Sci Rep. 2017 Oct 27;7(1):14204. doi: 10.1038/s41598-017-14543-1.
Accumulation of DNA mutations alters amino acid sequence in the key domains of oncoproteins, leading to cellular malignant transformation. Due to redundancy of the genetic code, the same amino acid alteration can be achieved by multiple distinct genetic mutations, which are considered functionally identical and not actively distinguished in the current cancer genome research. For the first time, we analyzed the distribution of codon level transitions acquired by somatic mutations in human cancers. By analyzing the ~2.5 million nonsynonymous somatic single nucleotide variations (SNVs) found in the COSMIC database, we found 41 recurrent amino acid alterations whose DNA changes are significantly biased toward a specific codon transition. Additional analyses partially identified functional discrepancies between the favored and avoided codon transitions in terms of mutational process, codon usage, alternative splicing, and mRNA stability.

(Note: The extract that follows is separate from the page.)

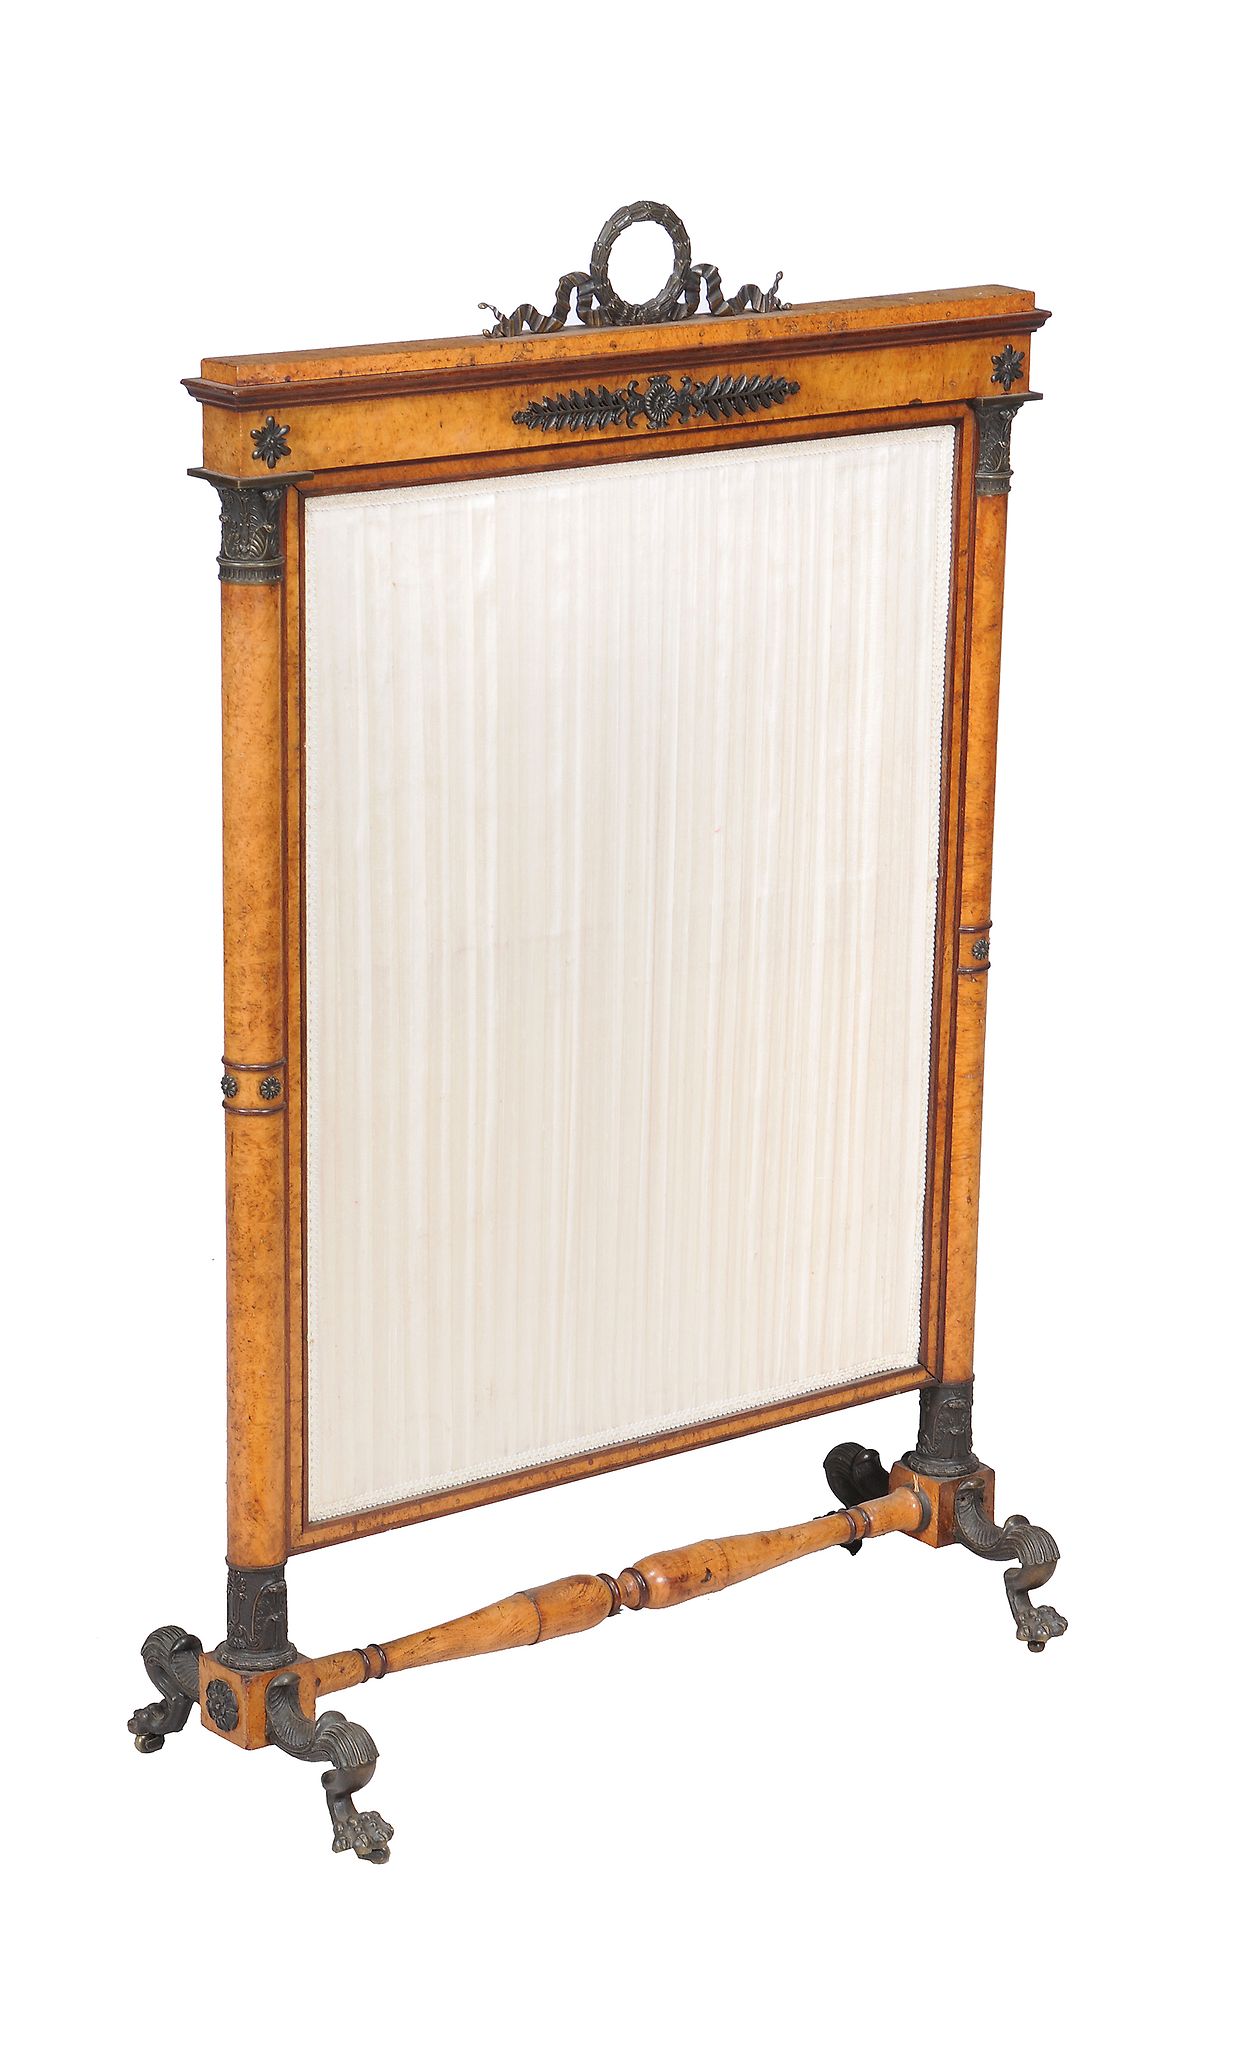 A Regency karelian birch and bronze mounted fire screen, circa 1815, the pleated screen flanked by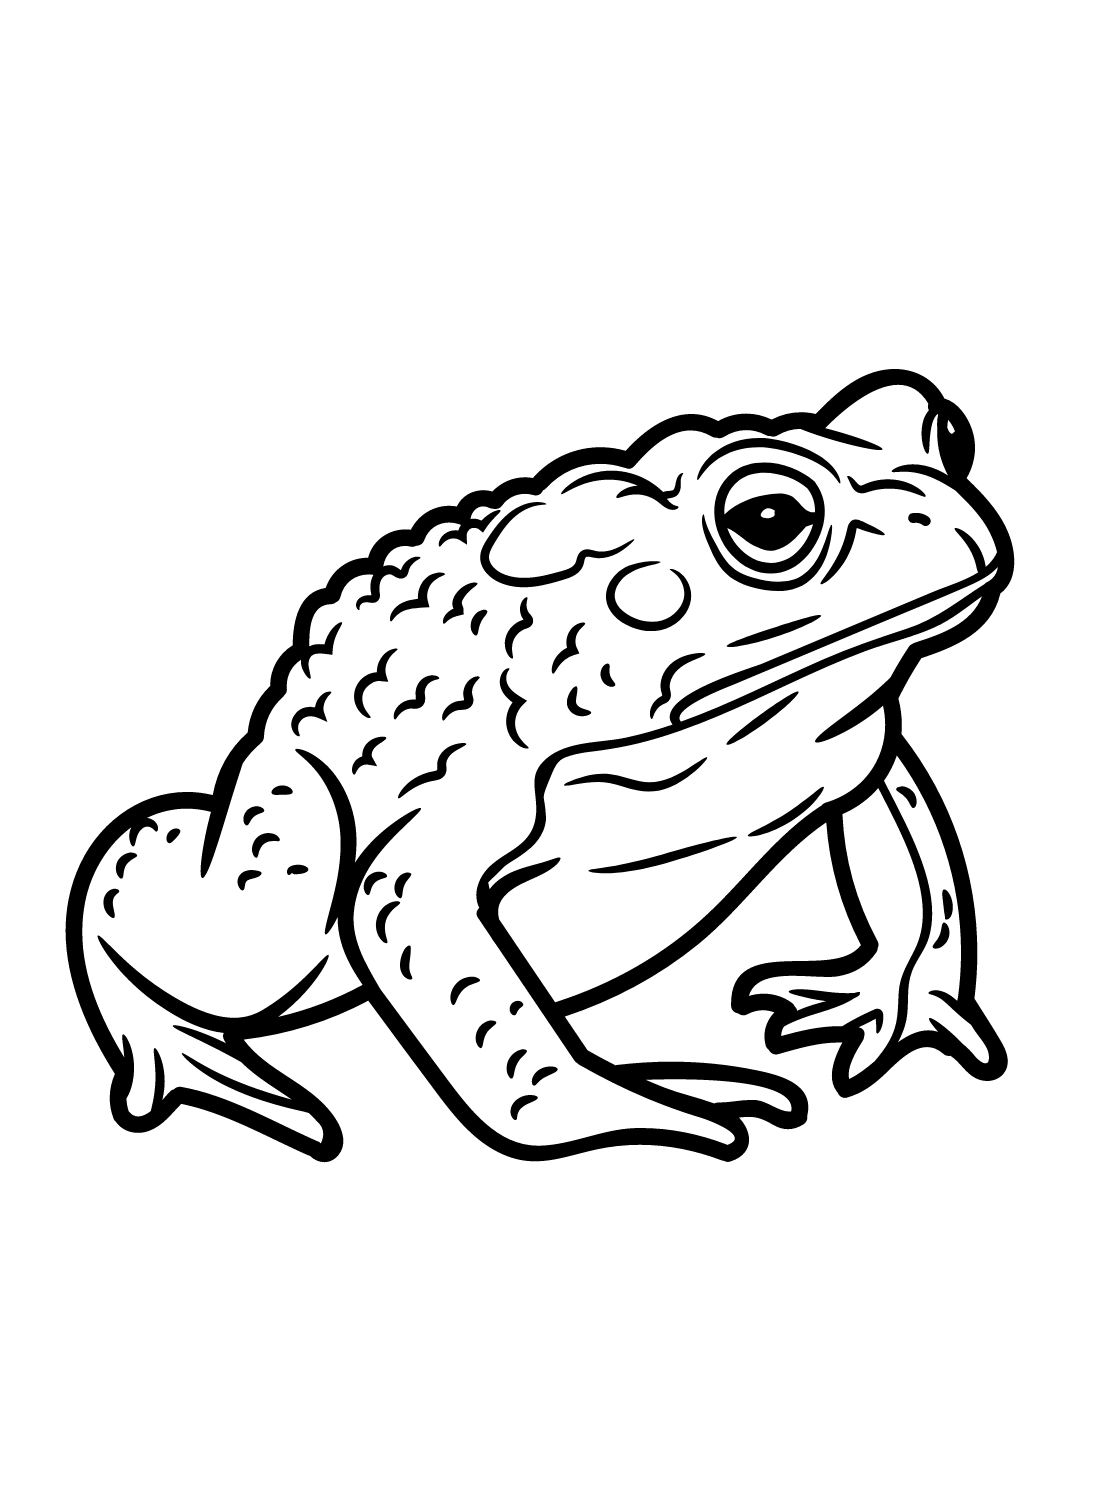 Toad coloring pages printable for free download

DNA 突变的积累会改变癌蛋白关键结构域中的氨基酸序列,导致细胞恶性转化。由于遗传密码的冗余性,相同的氨基酸改变可以通过多种不同的基因突变来实现,这些基因突变在当前的癌症基因组研究中被认为在功能上是相同的,并且没有被积极区分。我们首次分析了人类癌症中体细胞突变获得的密码子水平转换的分布。通过分析 COSMIC 数据库中发现的约 250 万个非同义体细胞单核苷酸变异 (SNV),我们发现了 41 个反复出现的氨基酸改变,其 DNA 变化明显偏向于特定的密码子转换。进一步的分析部分确定了有利和不利密码子转换在突变过程、密码子使用、选择性剪接和 mRNA 稳定性方面的功能差异。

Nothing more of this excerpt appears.